Problem details: The material below holds pictures; leave them out and reproduce exactly the lines from the one with "Lips Printed Royal Blue Round Neck T-shirt" through the one with "ICAI - Social Audit Standards - taxscan", inclusive.

Exercise data:
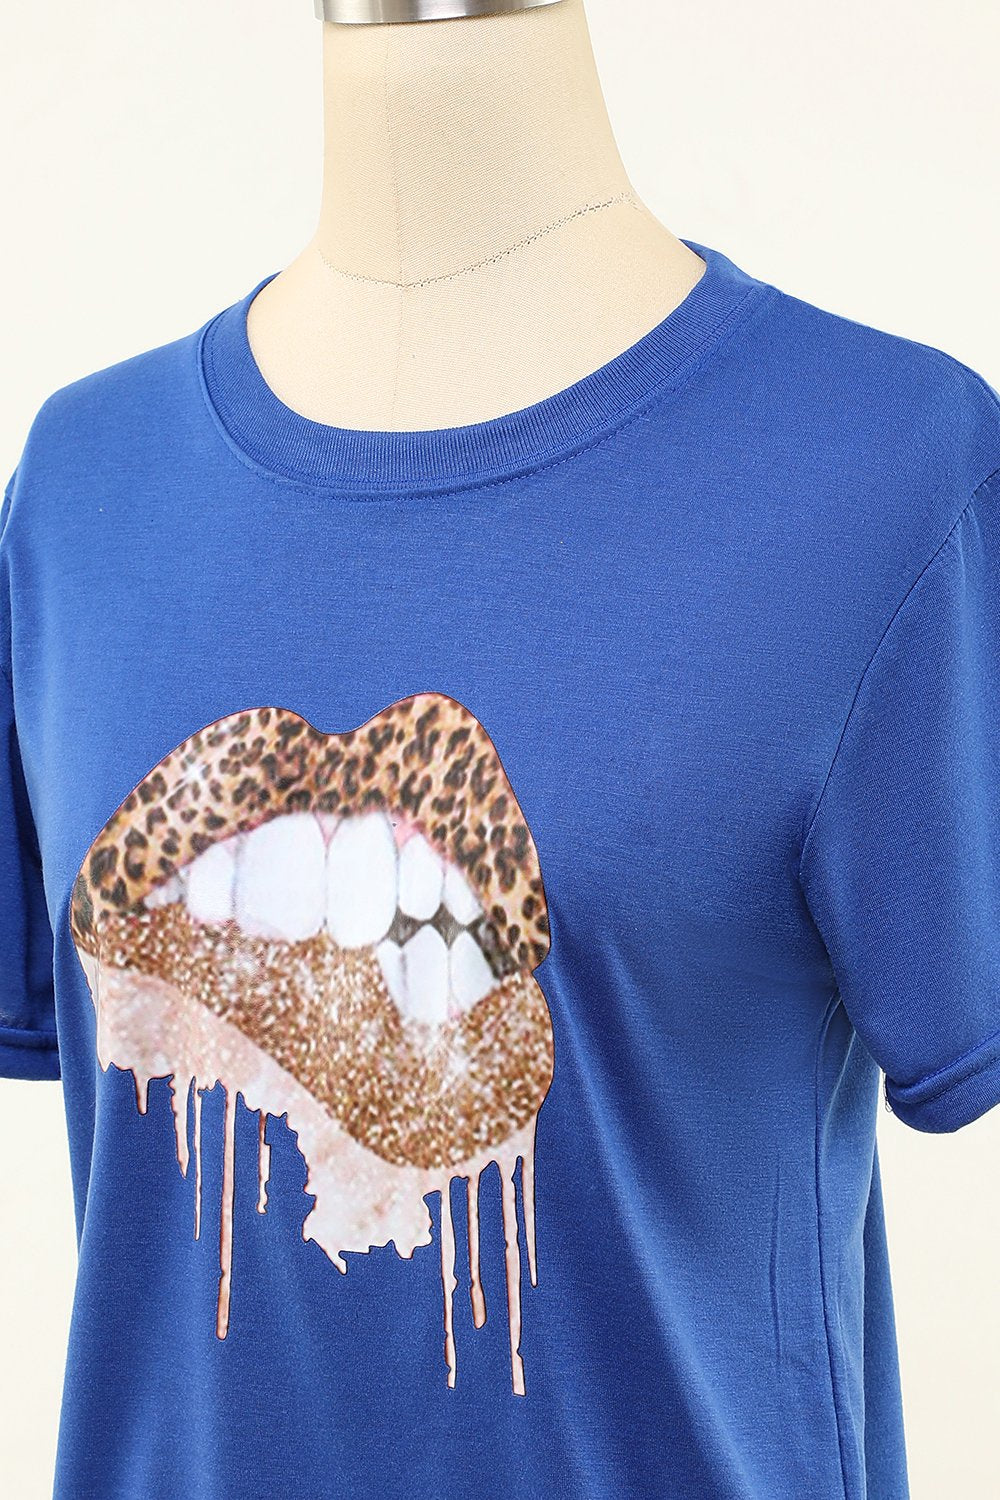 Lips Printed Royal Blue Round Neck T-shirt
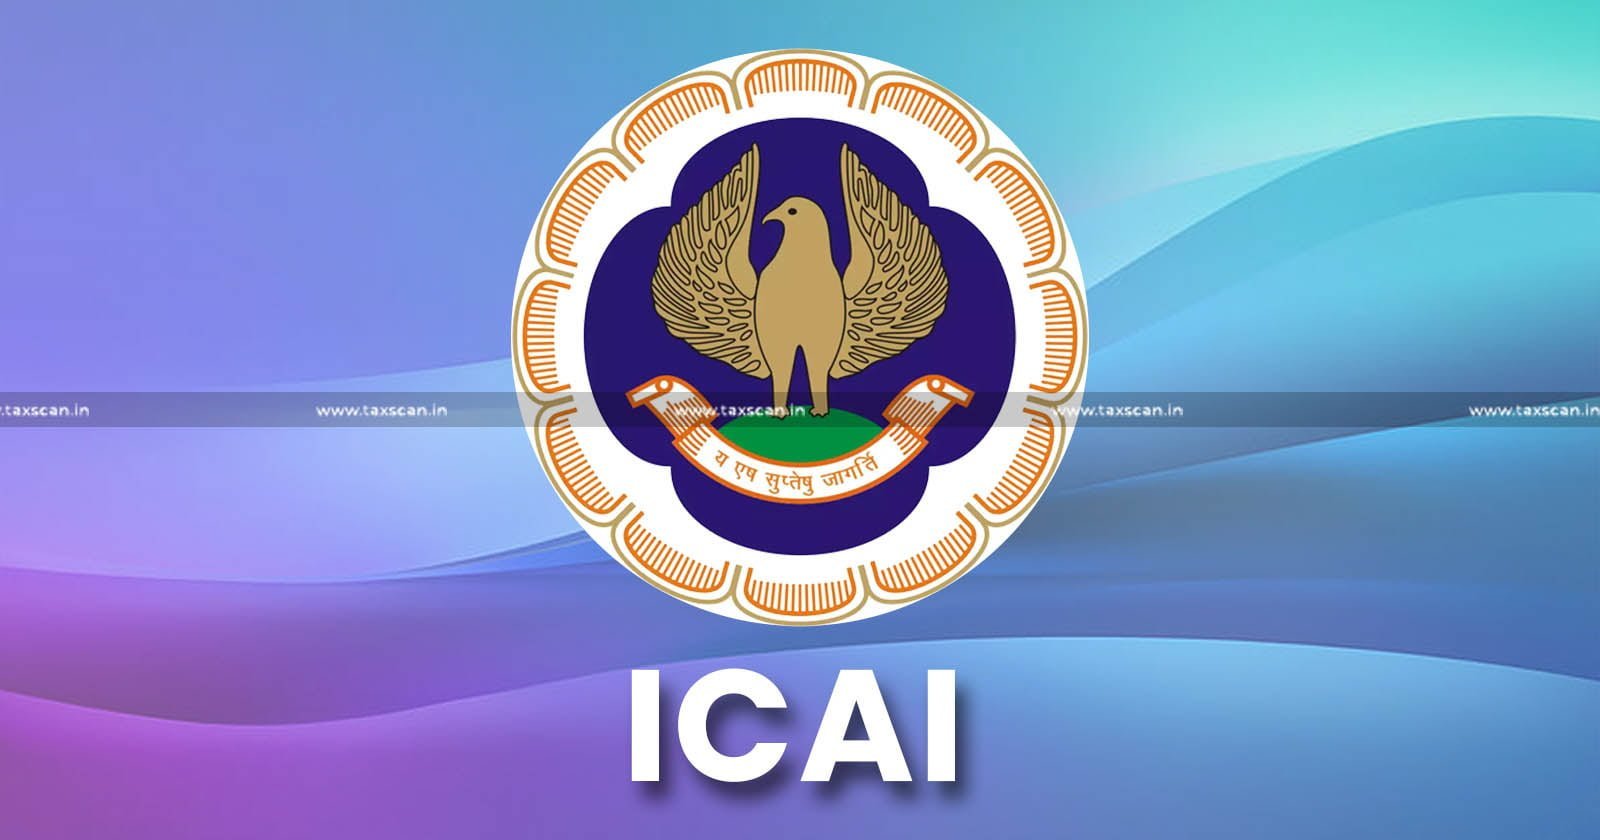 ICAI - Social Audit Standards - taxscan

...

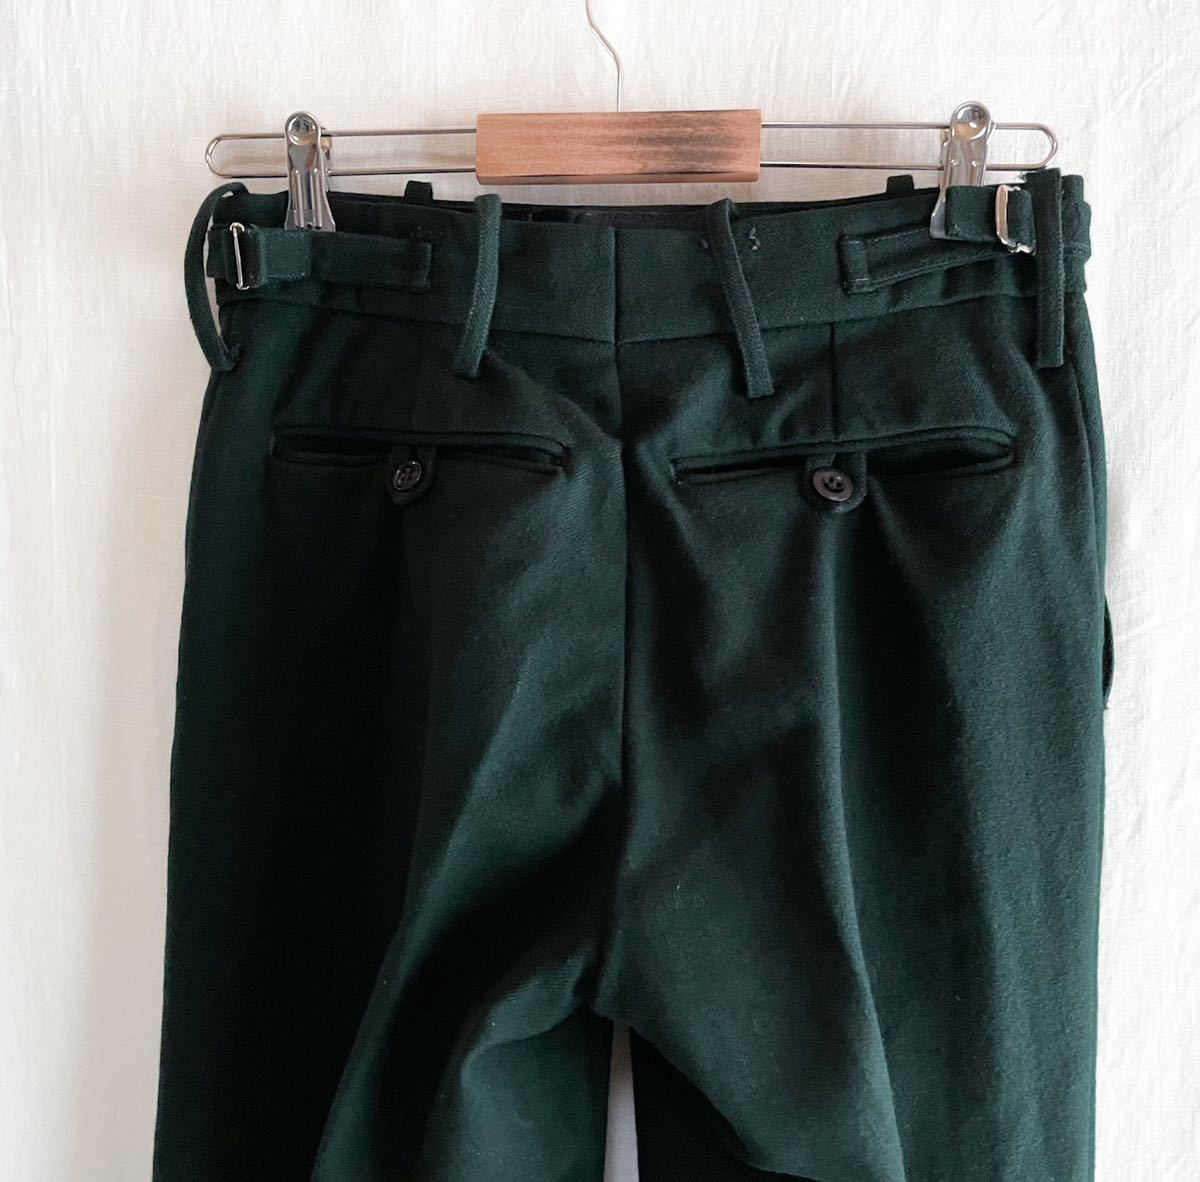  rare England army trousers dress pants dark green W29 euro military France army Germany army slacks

--

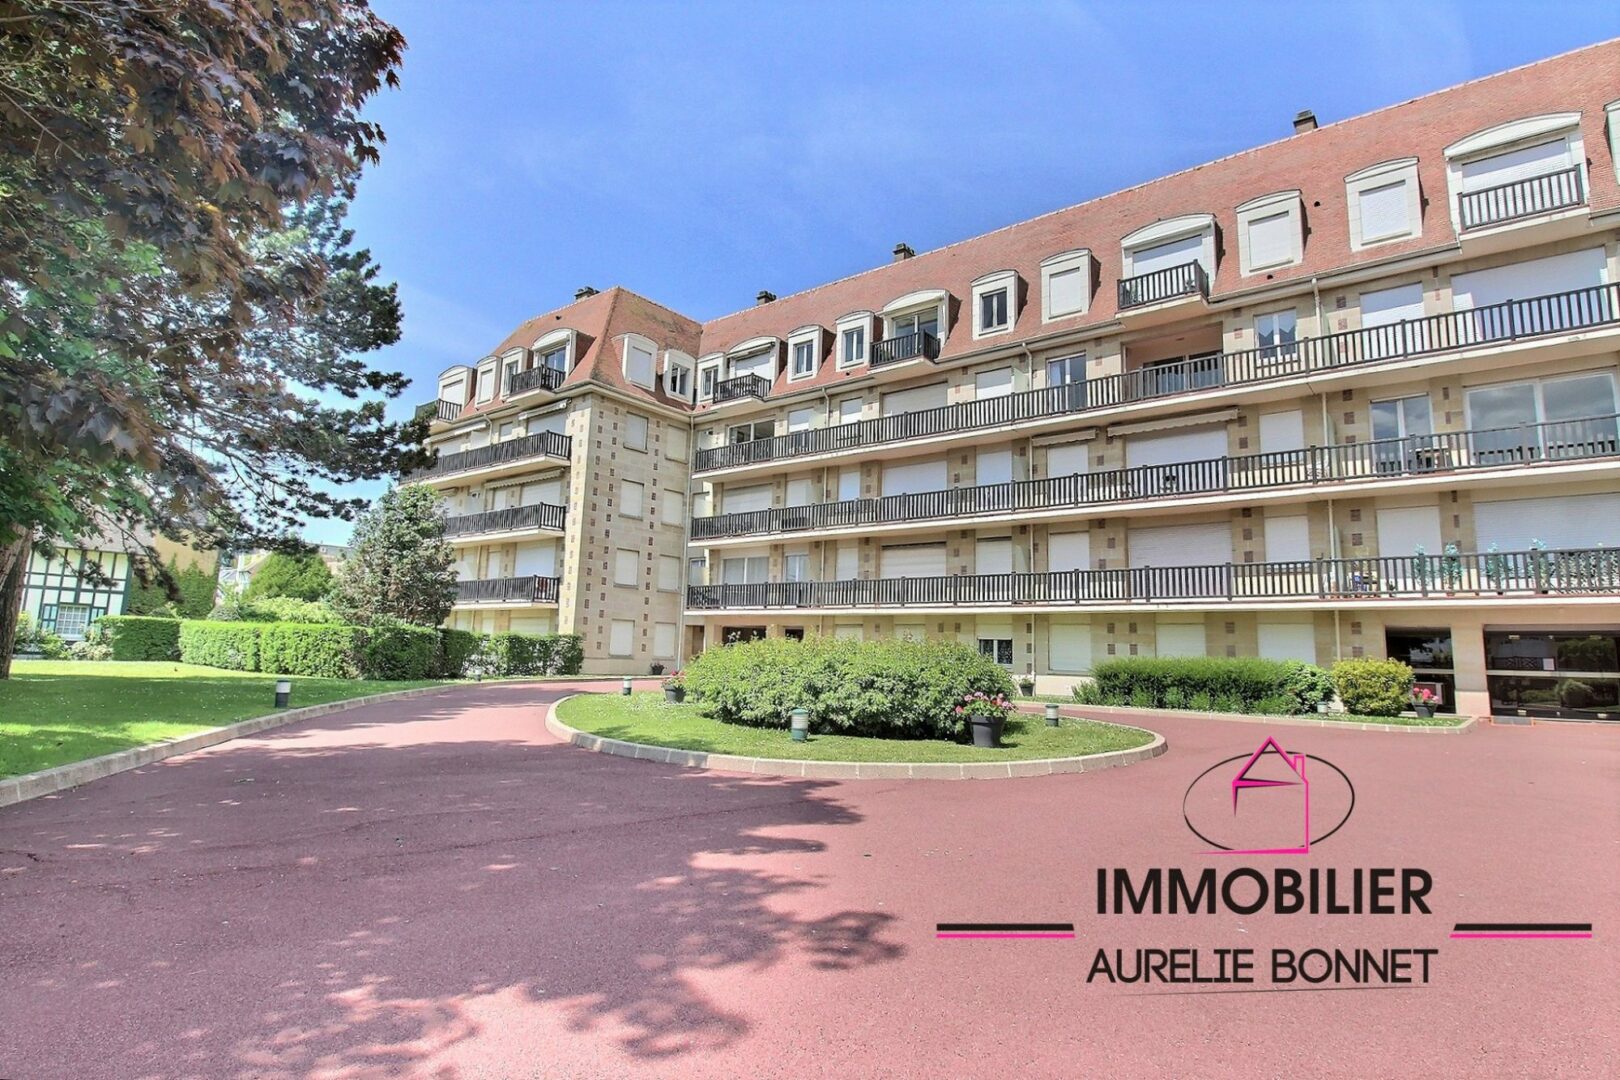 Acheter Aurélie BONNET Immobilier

Reply to the exercise:
 Lips Printed Royal Blue Round Neck T-shirt
 ICAI - Social Audit Standards - taxscan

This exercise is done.